- Born: Ramón Orlando Valoy García 29 July 1959 (age 67) Santo Domingo, Dominican Republic
- Genres: Latin; Salsa music; Son muntuno; Bachata; Merengue; Bolero; Guaracha;
- Occupations: Musician; Singer; Composer; Arranger; Record producer; Songwriter;
- Instruments: Vocals; Keyboards; Piano;

= Ramón Orlando =

Dominican singer

Ramón Orlando Valoy García (born 29 July 1959), is a Dominican musician, singer, arranger, composer, record producer and songwriter, besides being a gran maestro pianist in Caribbean rhythms. Ramón Orlando received seven Casandra awards in the 1992 ceremony, including the Soberano, which is the most important category in the Dominican awards ceremony.
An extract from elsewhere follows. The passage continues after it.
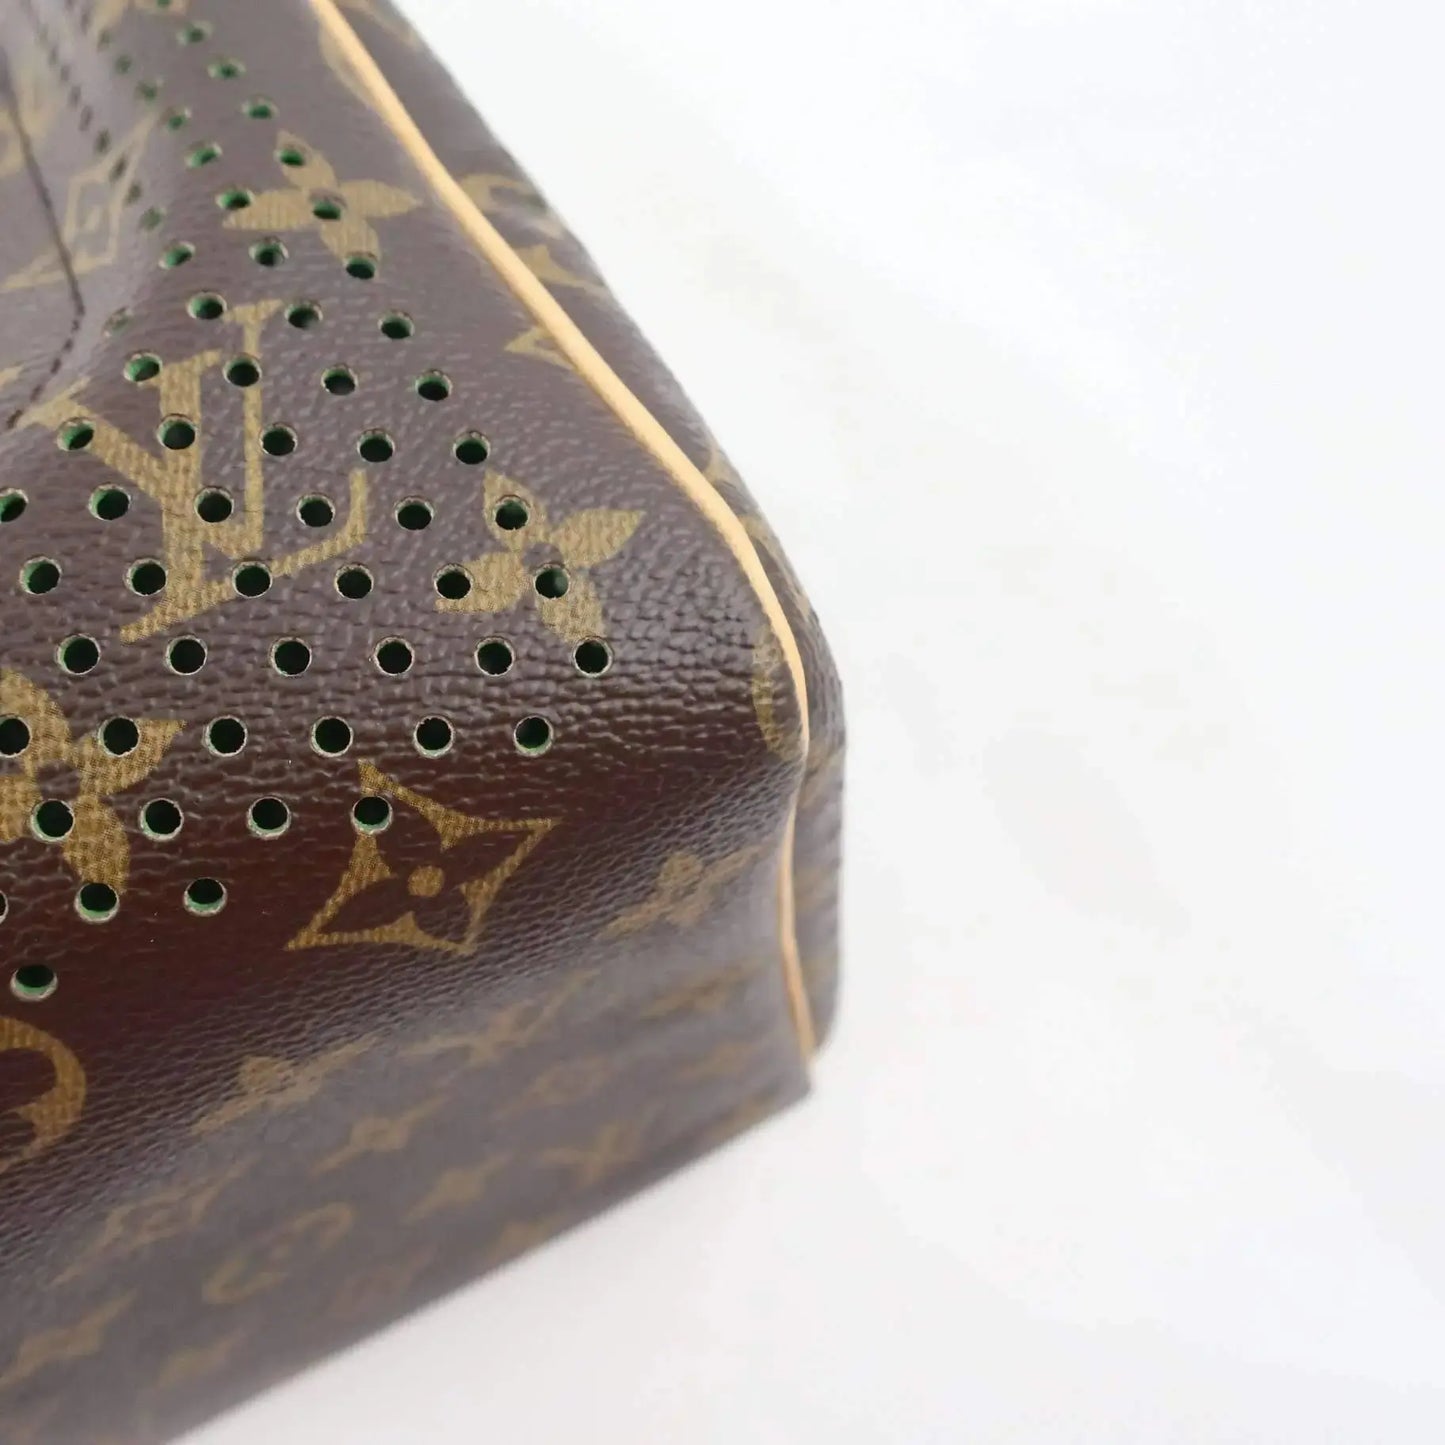 Louis Vuitton - Speedy 30 monogram limited edition: Perforated fuchsia

In 2005, he was nominated for the Latin Grammy Award in the Best Merengue Album category.

== Career ==

Ramón Orlando Valoy was born on 29 July 1959, in Manoguayabo, Santo Domingo, Dominican Republic. He is the son of Cuco Valoy.

Ramón Orlando started his music career at age 14, as a singer, piano player, arranger, composer and songwriter in his father's merengue band called La Tribu. He formed his own merengue music band in 1984 called "Los Virtuosos", later renamed “Cuco Valoy y Orquesta” with Peter Cruz y Henry García as lead singers.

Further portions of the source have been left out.